Question

A 81 kg man is riding on a 40 kg cart traveling at a speed of 2.3 m/s. He jumps off with zero horizontal speed relative to the ground. What is the resulting change in the cart's speed, including sign?

Answer 1

`\Delta v= 4.66(m)/(s)`

Step-by-step explanation:

In this case we have to use the Principle of conservation of Momentum:

This principle says that in a system the total momentum is constant if no external forces act in the system. The formula is:

`m_1v_1+m_2v_2=m_1u_1+m_2u_2`

Where:

`m_1:` Mass of the first object.

`m_2:` Mass of the second object.

`v_1:` Initial velocity of the first object.

`v_2:` Initial velocity of the second object.

`u_1:` Final velocity of the first object.

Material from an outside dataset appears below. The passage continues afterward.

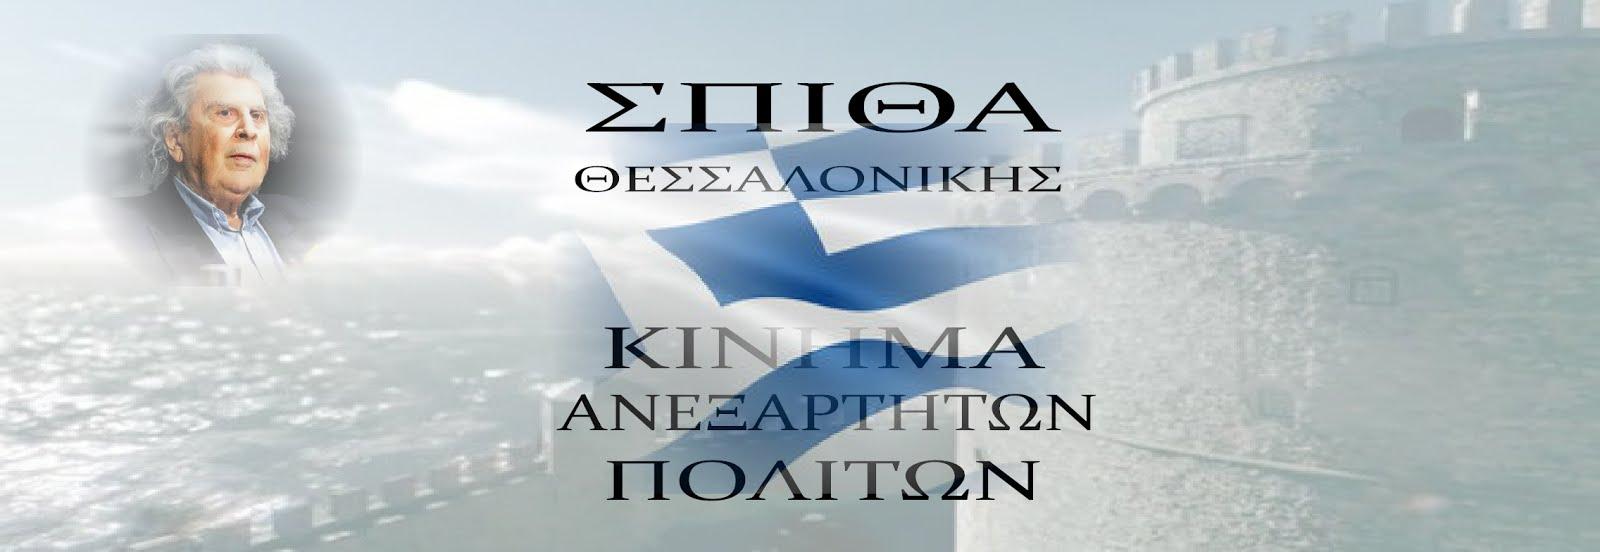 ΣΠΙΘΑ ΘΕΣΣΑΛΟΝΙΚΗΣ
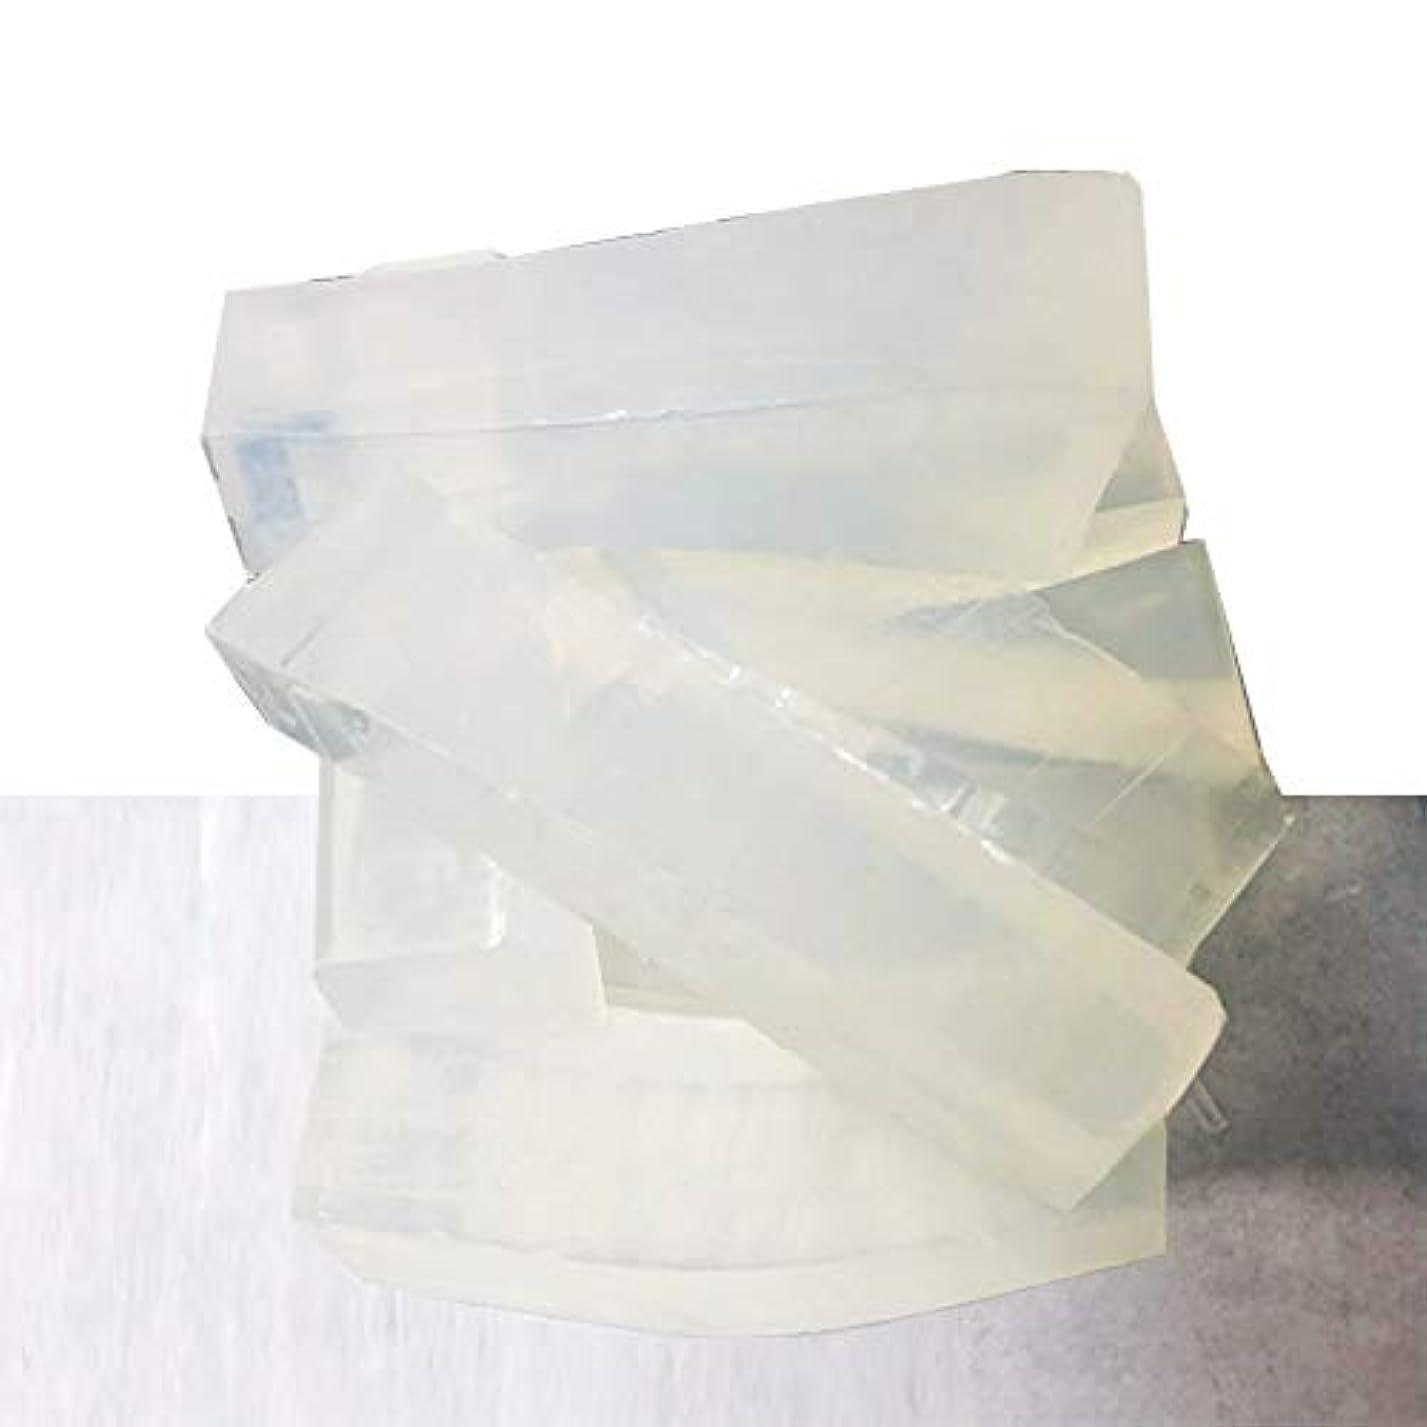 成長する絶望被害者グリセリンソープ(MPソープ)2kg(2,000g)クリア

`u_2:` Final velocity of the second object.

In this problem we have:

`m_1=81kg\\m_2=40kg\\v_1_2=2.3(m)/(s)`

`u_1=0(m)/(s)`

Observation:
`v_1_2:` Is because the system has the same initial velocity.

First we have to find
`u_2`,

`m_1v_1+m_2v_2=m_1u_1+m_2u_2`

We can rewrite it as:

`(m_1+m_2)v_1_2=m_1u_1+m_2u_2`

Replacing with the data:

`(m_1+m_2)v_1_2=m_1u_1+m_2u_2\\\\(81kg+40kg)2.3(m)/(s)=81kg(0(m)/(s))+40kg(u_2)\\\\(121kg)2.3(m)/(s)=40kg(u_2)\\\\((121kg)2.3(m)/(s))/(40kg)=u_2\\\\(278.3)/(40)(m)/(s)=u_2\\\\6.96(m)/(s)=u_2`

We found the final velocity of the cart, but the problem asks for the resulting change in the cart speed, this means:

`\Delta v=u_2-v_2\\\Delta v=6.96(m)/(s)-2.3(m)/(s)\\\Delta v= 4.66(m)/(s)`

Then, the resulting change in the cart speed is:

`\Delta v= 4.66(m)/(s)`